Figure 1 TW-37 and ABT-263 cotreatment synergistically inhibited the viability of RCC cells. (A) RCC cell lines (786-O and Caki-1) were treated with various doses of TW-37 (0 μM, 5 μM, 10 μM, 20 μM) and ABT-263 (0 μM, 10 μM, 20 μM, 40 μM) for 24 h, then cell viability was measured by MTT assay. (B) RCC cell lines (786-O and Caki-1) were treated with different combinations of TW-37 and ABT-263 (5 μM + 10 μM; 10 μM + 20 μM; 20 μM + 40 μM), then cell viabilities were assayed at various time points (6 h, 12 h, 24 h). (C) Combination index (CI) of TW-37 and ABT-263 in RCC cells were calculated using the Chou-Talalay method (CompuSyn). Fa: Fraction affected. Data was presented as mean±SD. Experiments were performed at least three times. *p<0.05; **p<0.01 vs. control group.
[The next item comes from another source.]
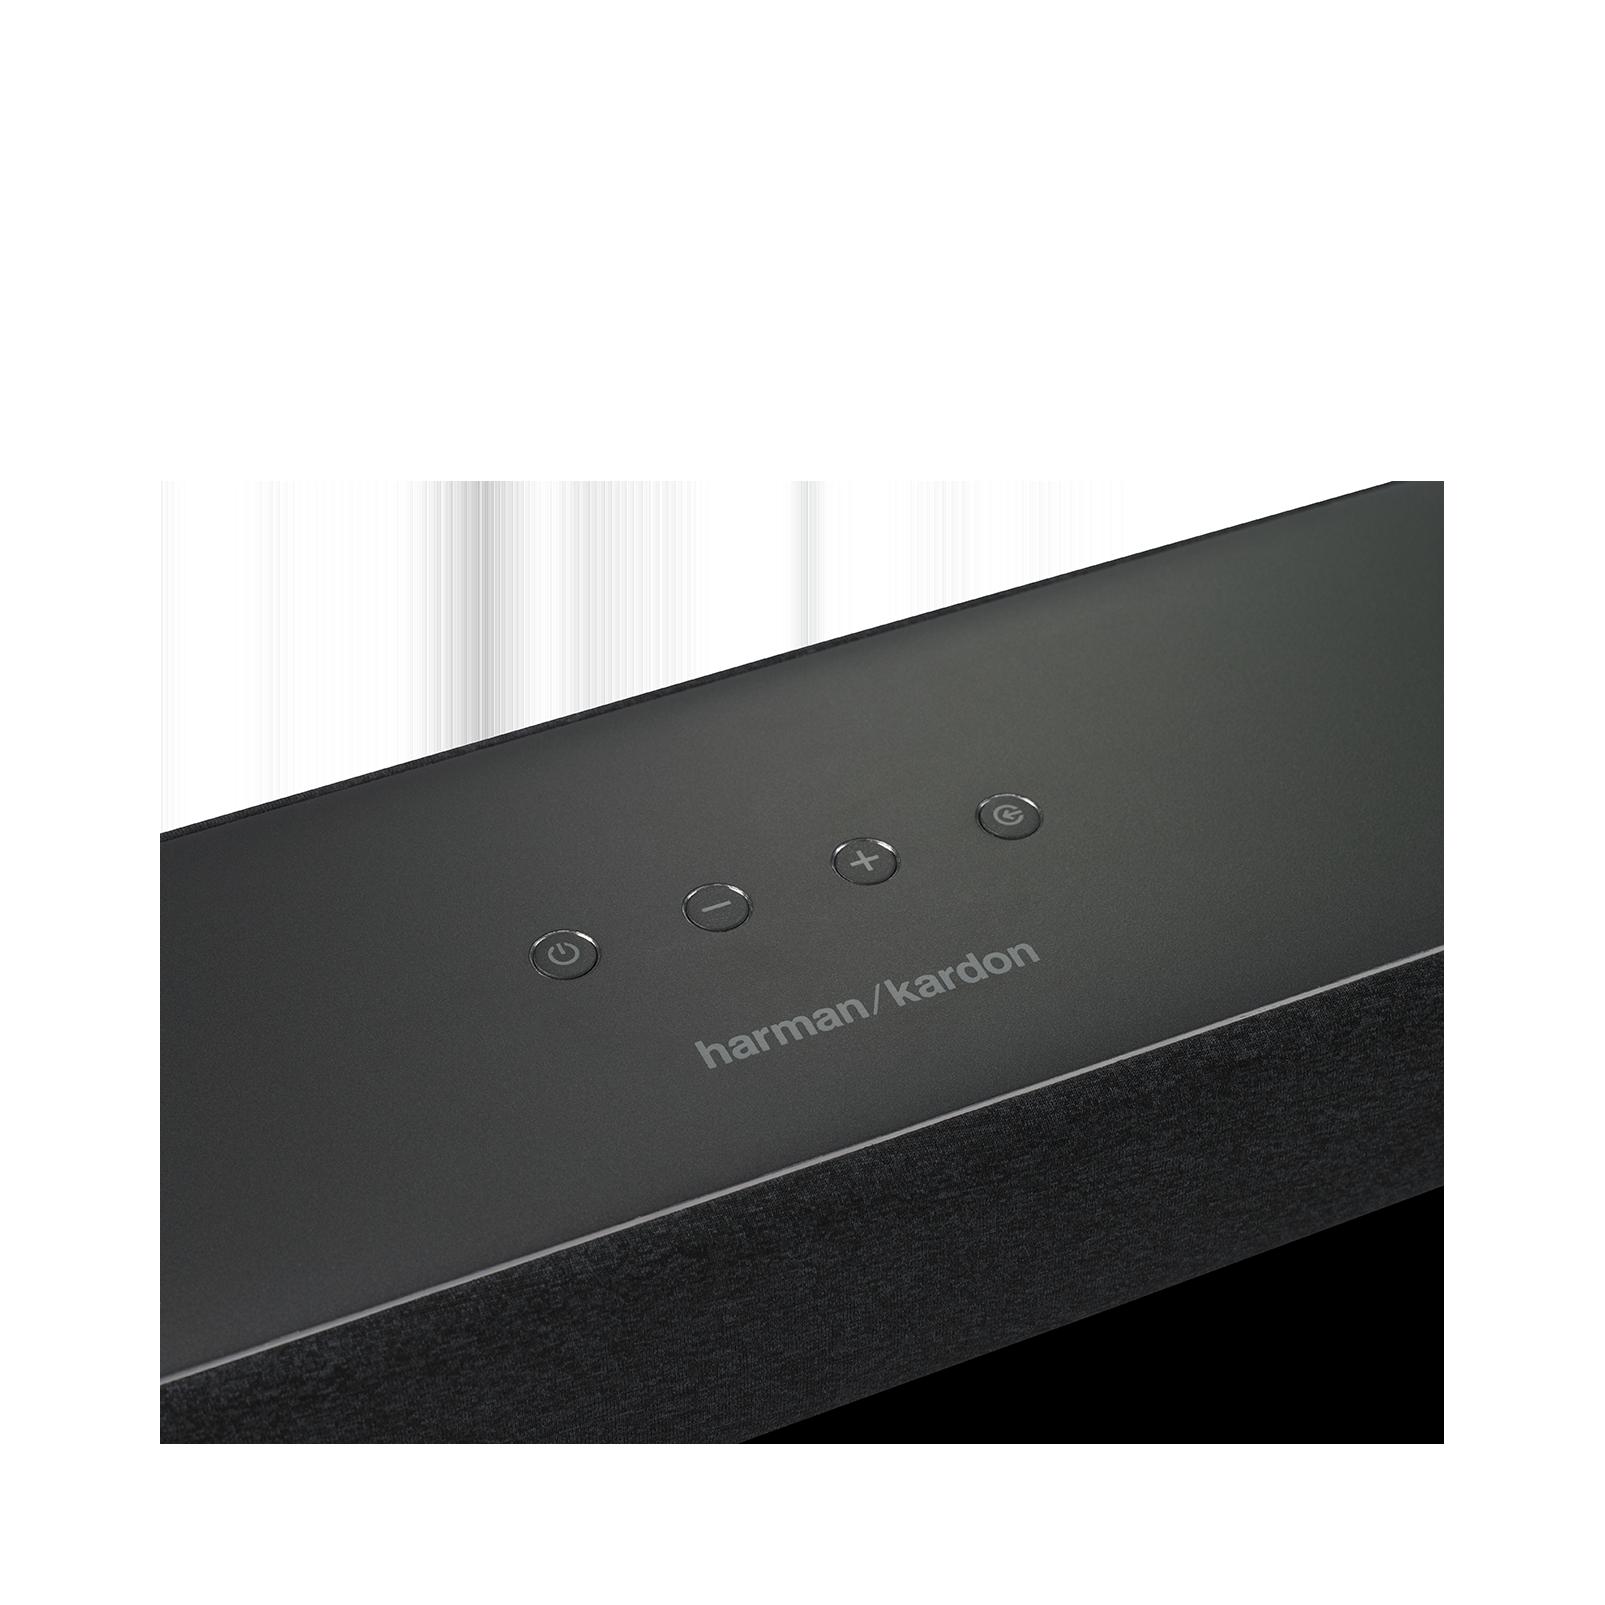 Enchant 800 - Graphite - All in One 8-Channel Soundbar with MultiBeam™ Surround Sound - Detailshot 2

Synergistic Effects of TW-37 and ABT-263 Co-Treatment on the Colony Formation, Migration, Invasion and Cell Cycle Distribution of RCC Cells

Next, we assayed the effects of TW-37, ABT-263 and their combination on the colony formation ability of RCC cells. As indicated in Figure 2A, compared to the groups treated with TW-37 or ABT-263 alone, the colony numbers in the TW-37 and ABT-263 co-treated groups were marked decreased. Furthermore, co-treatment of TW-37 and ABT-263 also significantly inhibited the migration (Figure 2B) and invasion (Figure 2C) of RCC cells. Western blot assays showed that TW-37 and ABT-263 treatment decreased the protein levels of MMP-2/-7, and EMT transition markers such as Vimentin and N-cadherin while increased the expression of epithelial marker (E-cadherin) and this effect is more obvious in the group co-treated with TW-37 and ABT-263 (Figure 2D). Cell cycle distribution analysis showed that TW-37 and ABT-263 co-treatment synergistically decreased the number of cells in the G1 phase and increased the number of cells in the G2/M phase (Figure 2E). Western blot analysis showed that TW-37 and ABT-263 synergistically increased the expression of p21 while decreased the expression of Cyclin B1, D1 and E (Figure 2F).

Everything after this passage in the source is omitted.